I love my current boyfriend very much, but I also know what his faults are, and I can accept them. Just because I'm not madly, crazily obsessed with him doesn't mean that what I feel for him is worth less.

I think as we get older we have to accept that maybe that feeling exists, but maybe it doesn't - and if it did, how practical is it? in my personal experience, that isn't really true love, it's obsession. True love is seeing someone for what they truly are, and still wanting to be with them for every day for the rest of your life. True love is making his favourite meal when you know he's had a bad day, or watching his choice of movie because you know how badly he wanted to see it.

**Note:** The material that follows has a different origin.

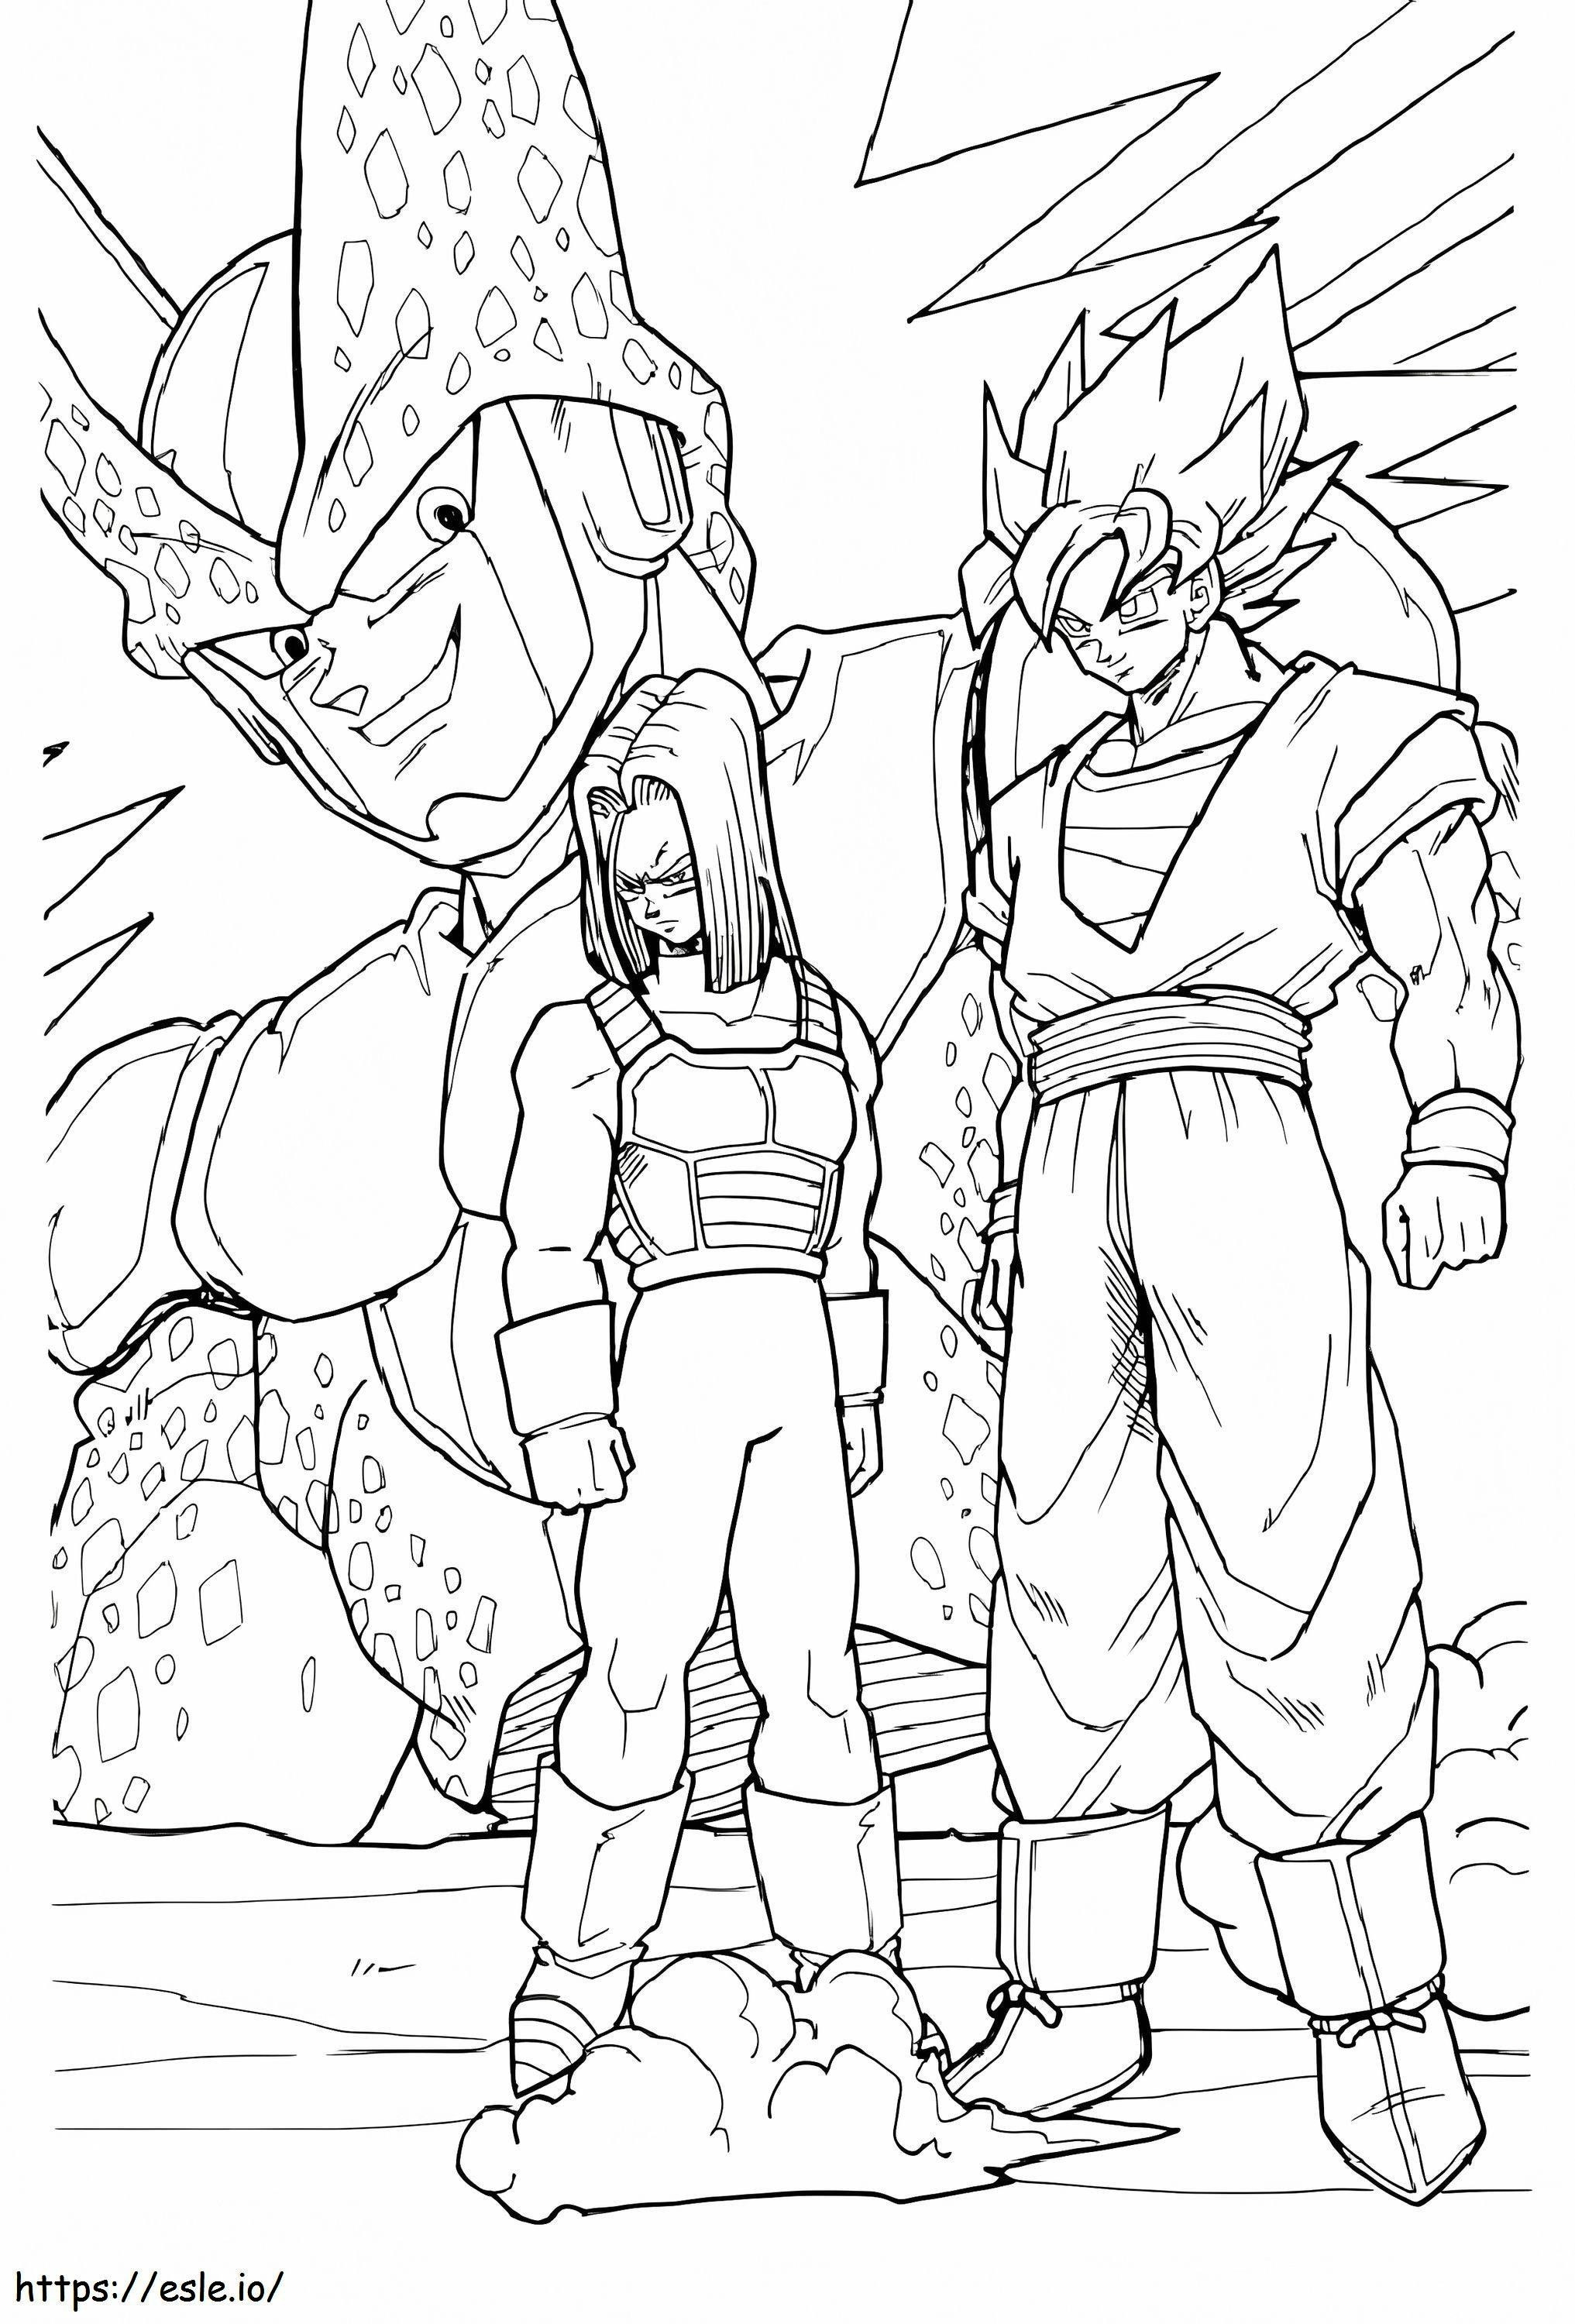 Dragon Ball Z 2 coloring page

I also read romantic books, or watch romantic movies and feel sad that it's not like that, but then I don't really think that it ever is. I know I'm not really old, maybe some people might think I'm cynical, but I think of myself practical, and I don't think I should de-value how I feel about my boyfriend just because it's not like a rom-com






I hope this helps.. I don't know if I've sounded really cynical and miserable or not, LOL


----------



## KellyB (Feb 3, 2008)

The absolute love of my life was my first husband. he was not a good husband by any means but he is the only one that gave me butterflies. He is the only one that I ever cried over. I was so in love with him and when I left him it was the hardest choice I had ever made up until then.

Now, at 42, I'm a little more pragmatic. I still think there is romantic love in the world. I also think that people take too much advantage of the ones they love the most. Marriage is hard. HARD. real life sets in and the honey moon is over but.......we get out of it what we out into it.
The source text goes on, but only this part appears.